The Big Feed festival 2018, as reported in The Banbury Guardian:
Coffee, chocolate, cake and curry sauce were all on the menu at this year’s Big Feed festival on Sunday 23rd September as the town celebrated its food heritage and thriving food industry.
A community event organised by Wykham Park Academy, held in Space Studio Banbury, and supported by Cherwell District Council and Visit Banbury, the festival brought together large and small food companies including Jacobs Douwe Egberts, Barry Callebaut, Limes Farm, Broughton Grounds Farm and McDonalds. The free lunch saw people’s plates packed with noodles by Malaysian Memories, chicken gumbo including meat by Betts Butchers, and Jamie Oliver Meal Creations rice, made in Banbury and donated by Fiddes Payne, plus locally-made samosas, bhajis and quiches. Vegetables and fruit were supplied by Produce Warriors, and chocolate for the fountains was donated by Callebaut. Mayor Shaida Hussain chaired a panel debate with local food experts on the future of food – hi-tech or traditional? and local eggs, honey, coffee and curry sauce were on sale.

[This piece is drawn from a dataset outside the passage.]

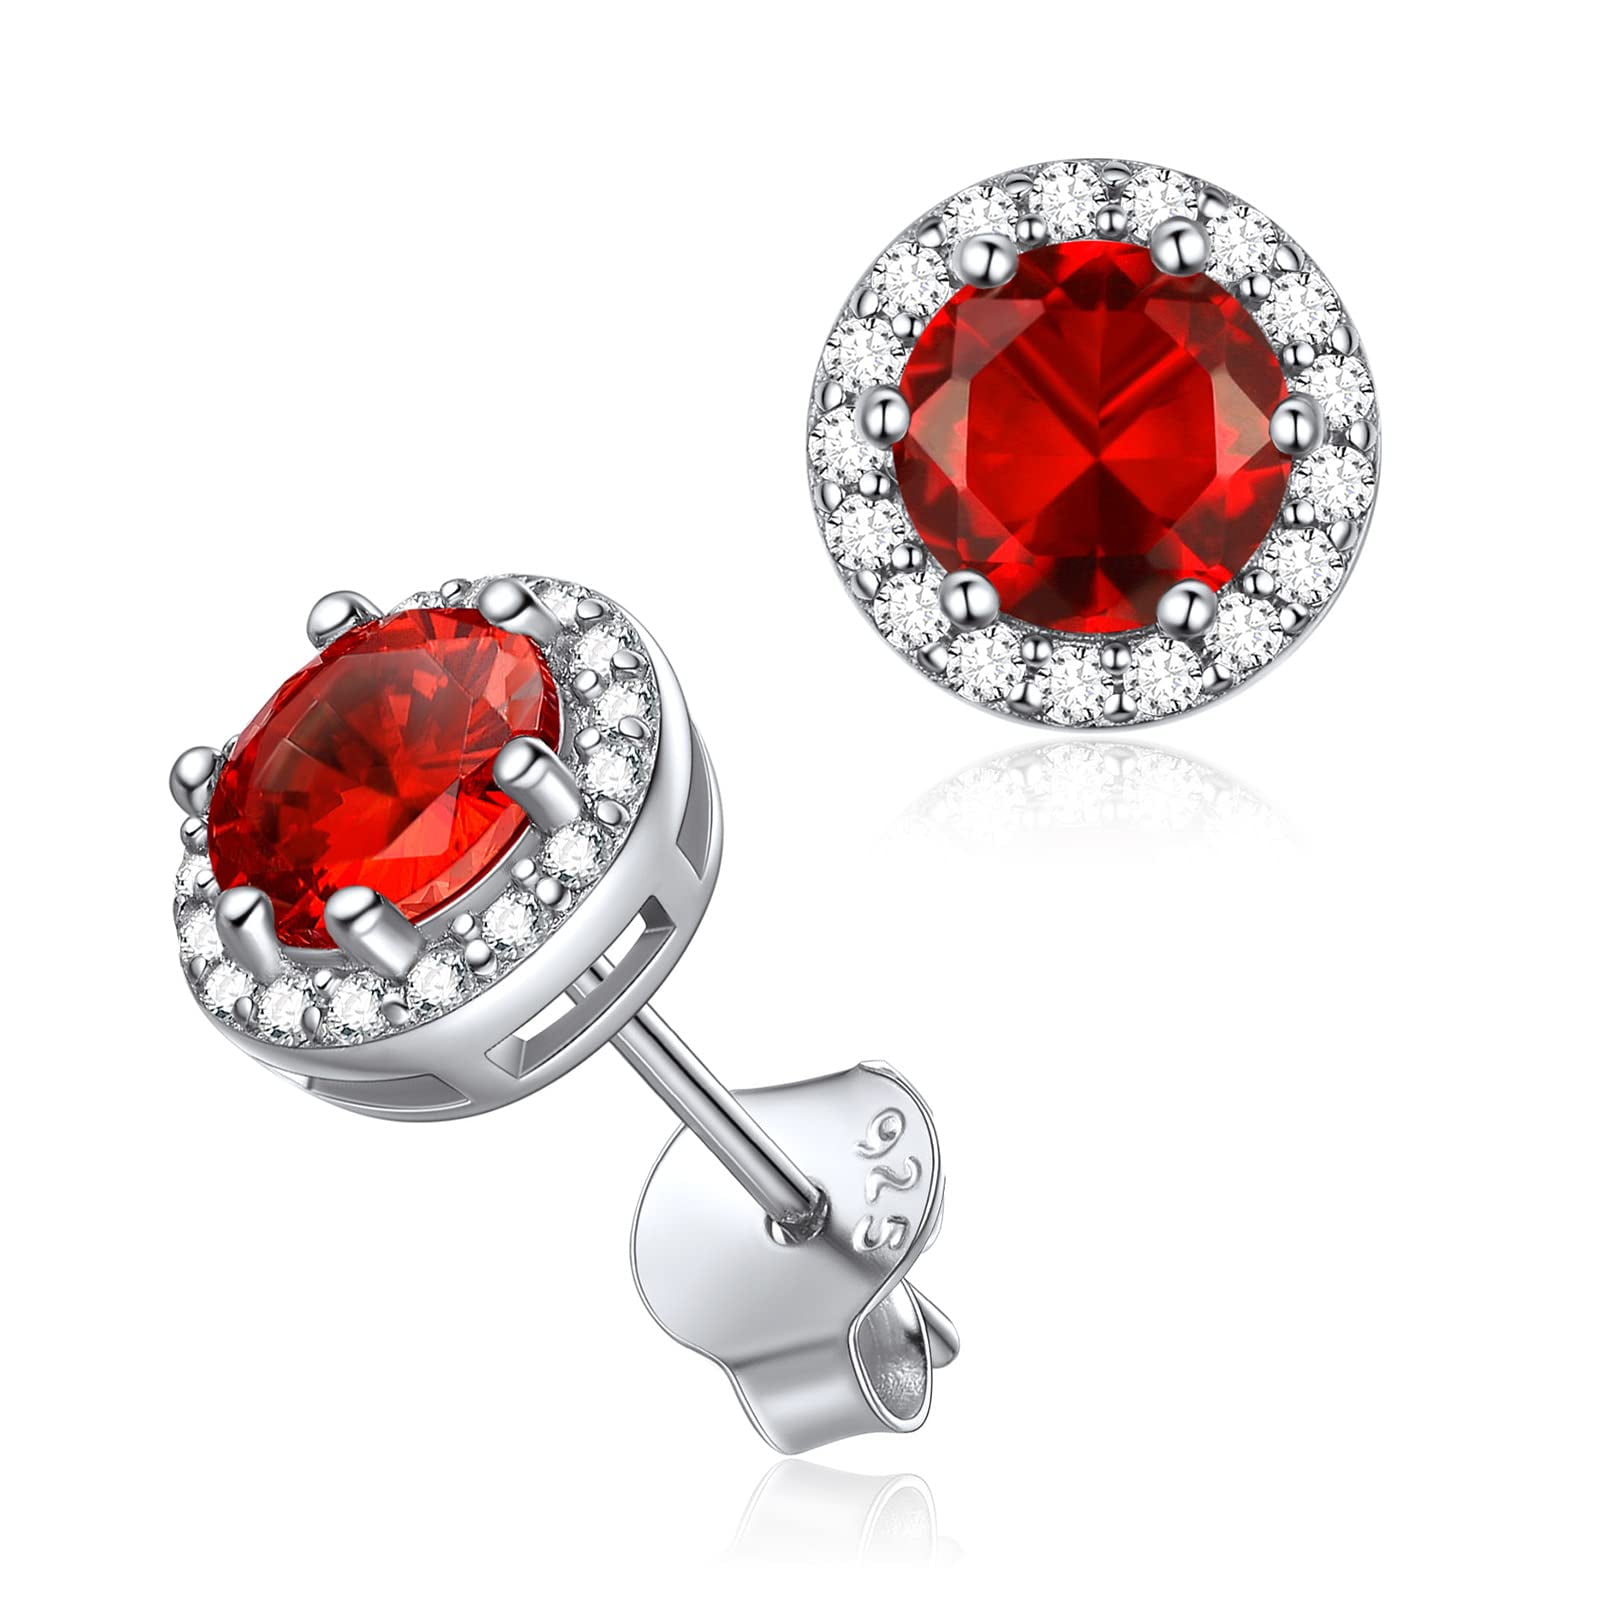 Natural Clear Quartz 925 Sterling Silver Stud Earrings for women Jewelry  Gift Prevent allergy gem jewelry Genuine red stone

Festival-goers could use their mobile phones to log in to a new multi-player chef game Too Many Cooks made by sixth-formers at the school. Food science entertainment by Andres Tretiakov and Emma Walton included making slime from cornflour, exploding custard powder, growing snakes from sugar, and testing acids and alkalis using red cabbage. Local author Rebecca Mileham explained how rosewater is one ingredient of Banbury cakes, and that locally-grown roses and rhubarb went on display at the Great Exhibition of 1851 in London.